Weiße und rote Biotechnologie gehören zu einer innovativen und nachhaltige Chemie. Anders die sogenannte "grüne" Gentechnik. Ihr Einsatz wird von uns Grünen im Einklang mit einem großen Teil der Bevölkerung abgelehnt. Agro-Gentechnik fördert Monokulturen in der Landwirtschaft, fördert Masse statt Klasse und zentralistische statt regionale Strukturen. Wir Grünen stehen für eine gentechnikfreie Landwirtschaft und für das Wahlrecht der Verbraucherinnen und Verbraucher.

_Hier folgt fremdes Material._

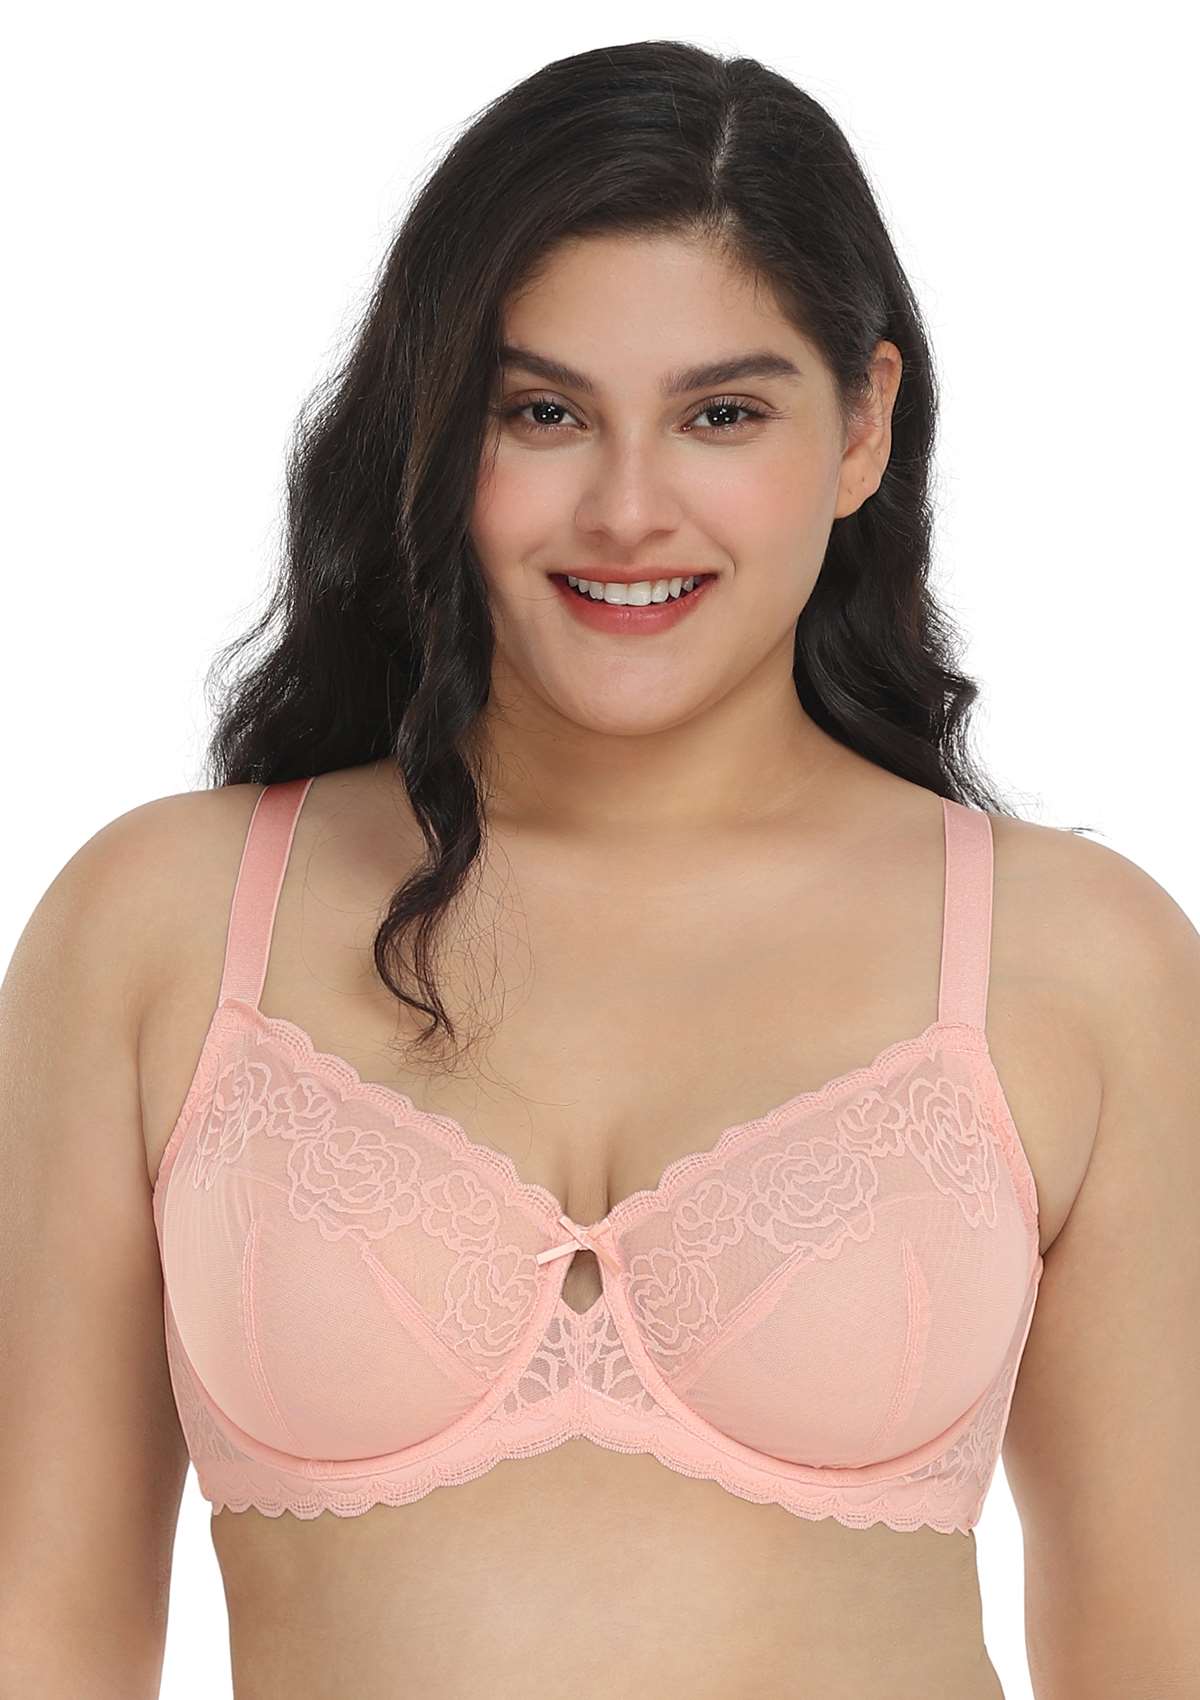 HSIA Rosa Bonica Sheer Lace Mesh Unlined Thin Comfy Woman Bra - Pink / 42 / C

Wachstumsfaktor Nanotechnologie: Ein besonders spannendes Technologiefeld ist die Nanotechnologie, in der sich Chemie, Biologie und Physik treffen. Viele Erwartungen verbinden sich damit, von Beiträgen zu Energie- und Ressourceneinsparungen bis zu neuen therapeutischen Ansätzen in der Medizin. Es zeichnet sich immer deutlicher ab, dass die Nanowissenschaft einen bedeutsamen Beitrag zur Steigerung des nachhaltigen Wirtschaftens leisten kann. Damit ist sie eine Schlüsseltechnologie und Wachstumsbranche des 21. Jahrhunderts, die viele Arbeitsplätze verspricht. Nanotechnologie findet sich auch in vielen Alltagsprodukten - von der Sonnencreme über die Wandfarbe bis hin zu Lebensmitteln. Allerdings ohne dass die VerbraucherInnen es wissen. Denn eine Kennzeichnungspflicht gibt es bisher nicht.

Wir setzen uns dafür ein, die Forschung und Entwicklung der Nanotechnologie in den Bereichen auszubauen, in denen sie einen Mehrwert erwarten lässt, z.B. bei den erneuerbaren Energien oder Medizintechnologien. Doch die vielfältigen Chancen dürfen nicht den Blick auf mögliche Folgen und Risiken verstellen. Weder die Risiken bei der Herstellung, noch die bei Nutzung und Entsorgung sind bisher ausreichend erforscht. Neben einer Kennzeichnungspflicht für Produkte fordern wir vor allem, die Risikoforschung und Technikfolgenabschätzung zu intensivieren und zur verbindlichen Grundlage von Forschungsförderung zu machen. Daran muss neben der Wissenschaft auch die Wirtschaft selbst ein hohes Interesse haben, denn nichts würde dieser Technologie mehr schaden, als ihre Risiken zu verschweigen.

Wachsende Nachfrage für "grüne" Produkte: Klimaprobleme rücken ins Zentrum der öffentlichen Aufmerksamkeit. Und dadurch erhalten auch die Lösungsansätze einen Auftrieb. Energetische Gebäudesanierung, Elektroantriebe, Abfallvermeidung, Verpackung aus nachwachsenden Rohstoffen sind nur einige Beispiele für Zukunftsfelder der Branche. Und auch die Verbraucher sind sich zunehmend bewusster, dass sie über ihr Konsumverhalten Einfluss nehmen können. "Green Packaging Score Cards", "Carbon Labels" und andere Öko-Kennzeichnungen sind Zeichen, das große internationale Handelsketten sich gezwungen sehen, zunehmend darauf zu reagieren. Doch noch stehen wir am Anfang der Entwicklung klima- und umweltfreundlicher Produkte und Technologien. Das alles eröffnet der chemischen Industrie neue Marktchancen, wenn sie konsequent auf eine Strategie der ökologischen Innovation setzt.